Thereupon, the insert flange end 70 is deformed inwardly upon the flange surface 48, FIG. 3, preferably by a rolling operation whereby the entire annular insert flange end 70 will be firmly deformed upon the flange 44 to maintain the assembly of the motor housing 14, projector portion 24, diaphragm 36 and the gaskets 40 and 42. This assembly will position the armature 16 within the motor coil, and the diaphragm is securely supported with respect to the housing and projector.

The outer projector portion 26 is bonded to the projector portion 24 at the parting line 34 to complete the horn assembly, and in some instances, it may be preferable to assemble the projector portions 24 and 26 prior to the assembly of the projector to the motor housing.

As the metal insert 56 is firmly embedded into the material of the inner projector portion 24 a high strength mechanical interconnection between the insert and projector is achieved. Also, as the insert flange end 70 is firmly rolled upon the motor housing flange 44 throughout the configuration of the motor housing a uniform assembly force between the motor housing and projector is achieved which insures that the support of the diaphragm at its periphery will be uniform, resulting in the reduction of stresses in the diaphragm, and assuring the designed frequency of oscillation of the diaphragm and the audio characteristics produced thereby.
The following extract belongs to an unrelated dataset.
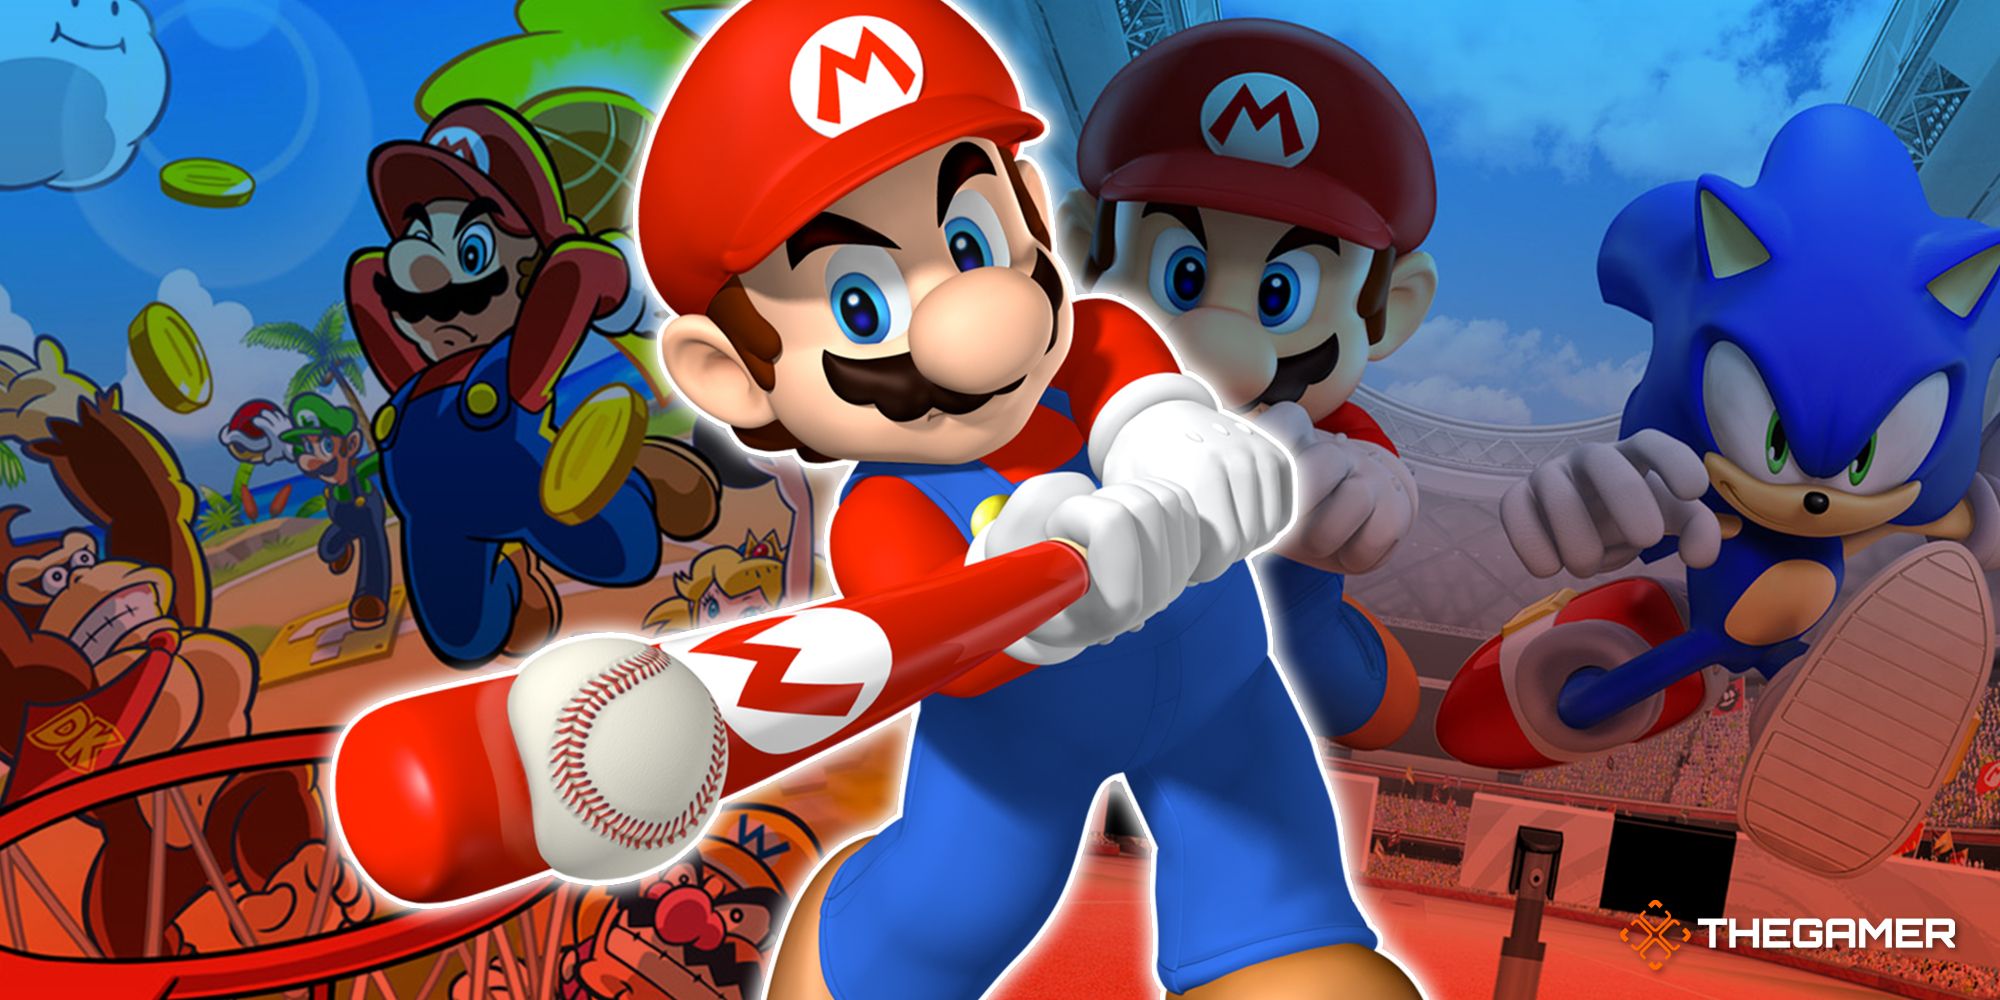 Exciting Nintendo Sports Games

The insert flange 60 is concisely related to the configuration of the motor housing, and the described assembly does not result in any projections or protuberances, and results in a "clean" appearance.

It is appreciated that various modifications to the inventive concept may be apparent to those skilled in the art without departing from the spirit and scope of the invention.

Claims

1. As an article of manufacture, a molded synthetic plastic electric horn projector having an annular planar surface defined thereon for mounting the projector upon a motor subassembly having a flange portion, a metal insert integrally molded into the material of said projector, and a deformable metal flange of annular configuration defined upon said insert surrounding said mounting surface and projecting from said projector configuration adjacent said mounting surface intersecting the plane of said mounting surface and extending therebeyond for deformation upon the subassembly flange portion.
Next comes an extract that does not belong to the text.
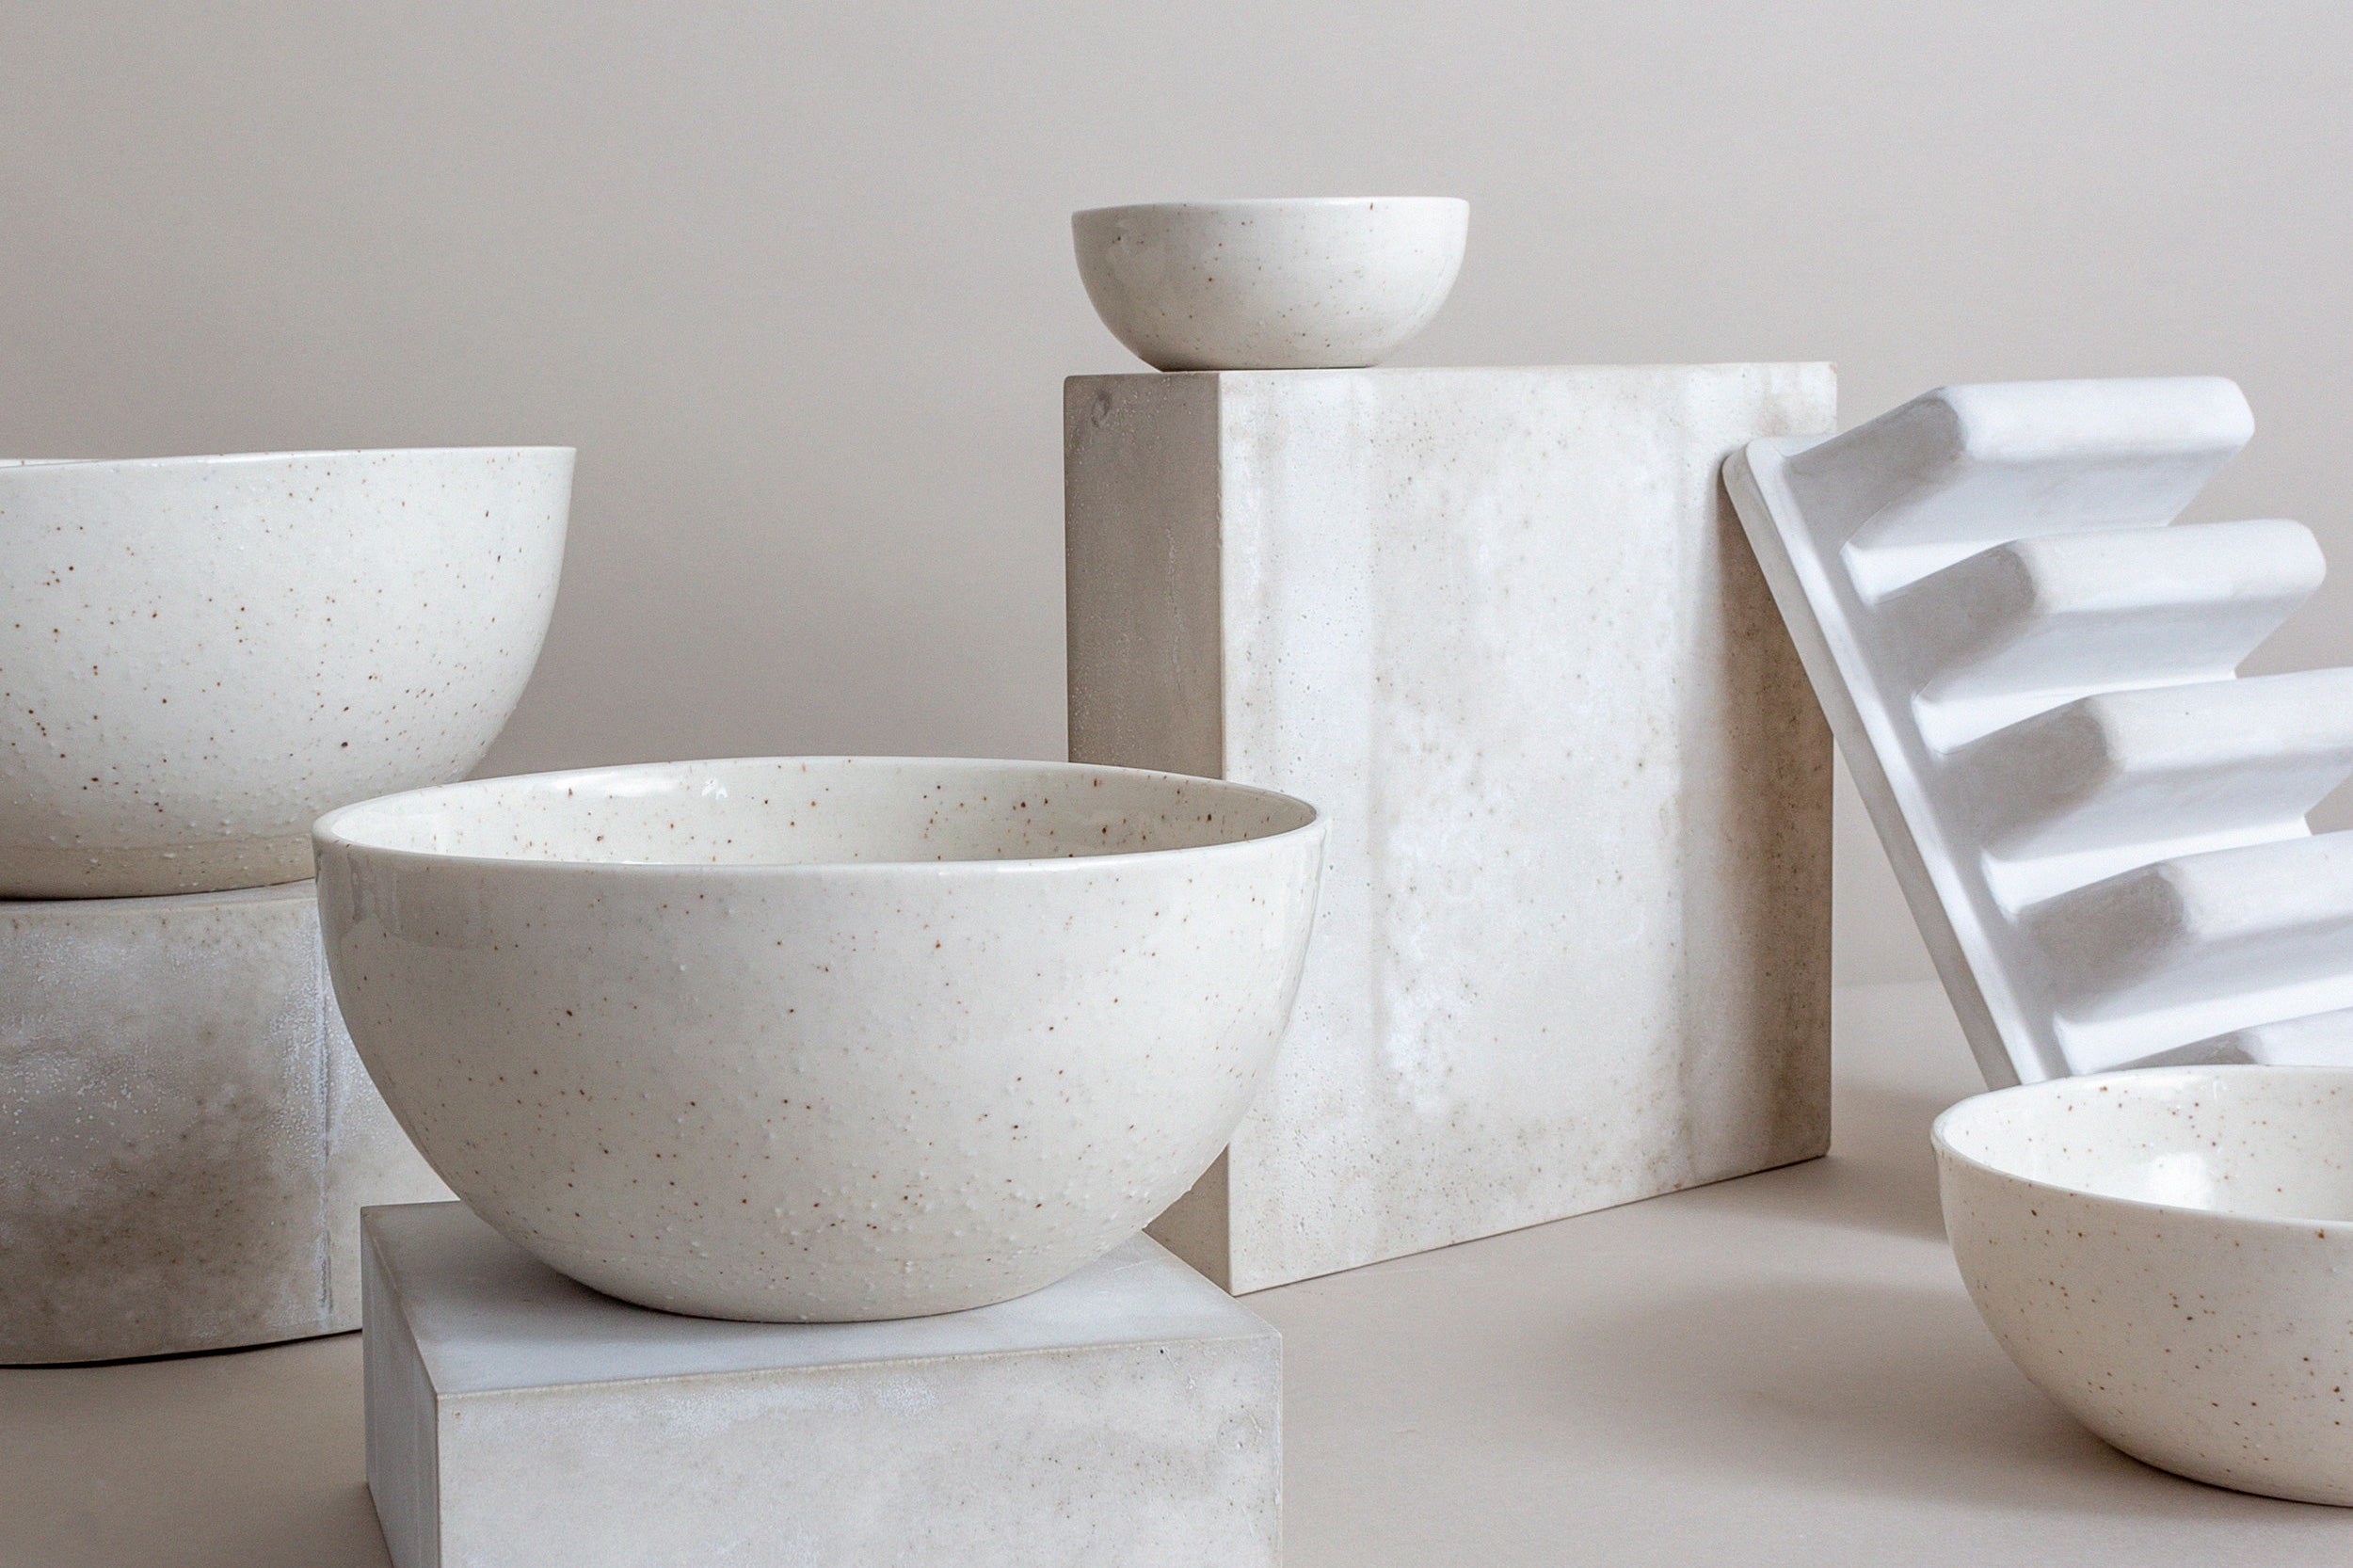 Andrew Molleur-Speckled Bowls

2. In an electric horn including a motor housing having a flange defining a periphery and a flat projector mounting surface, a projector mounted upon the flange mounting surface having a sound passage for emitting sound, said projector being of a molded construction formed of a synthetic plastic material having a mounting surface in opposed relationship to the motor housing flange projector mounting surface, the improvement comprising, a metal insert integrally molded into the plastic projector material having a deformable portion projecting from the configuration of the projector adjacent the mounting surface of the projector, said deformable portion being deformed upon the motor housing flange over the periphery thereof to maintain the motor housing and projector in assembled relation.

3. In an electric horn as in claim 2, said deformable portion comprising a flange defined upon said insert of a continuous configuration extending beyond the mounting surface defined upon the projector, said insert flange extending about the motor housing flange periphery and being deformed upon the motor housing flange.

4. In an electric horn as in claim 3, said metal insert comprising a disc having a substantially flat central region, said insert flange being defined at the periphery of said insert and comprising a cylinder having an axis substantially perpendicular to said insert central region.

5. In an electric horn as in claim 4, a plurality of holes defined in said insert central region to aid in the bonding of said insert with the material of said projector.

6. In an electric horn as in claim 3, wherein the motor housing projector mounting surface and the projector mounting surface are each substantially flat and circular in configuration, said metal insert flange being of a cylindrical configuration extending about the mounting surface of the projector and transversely extending therebeyond, said cylindrical insert flange including an outer end region deformed over the periphery of the motor housing flange.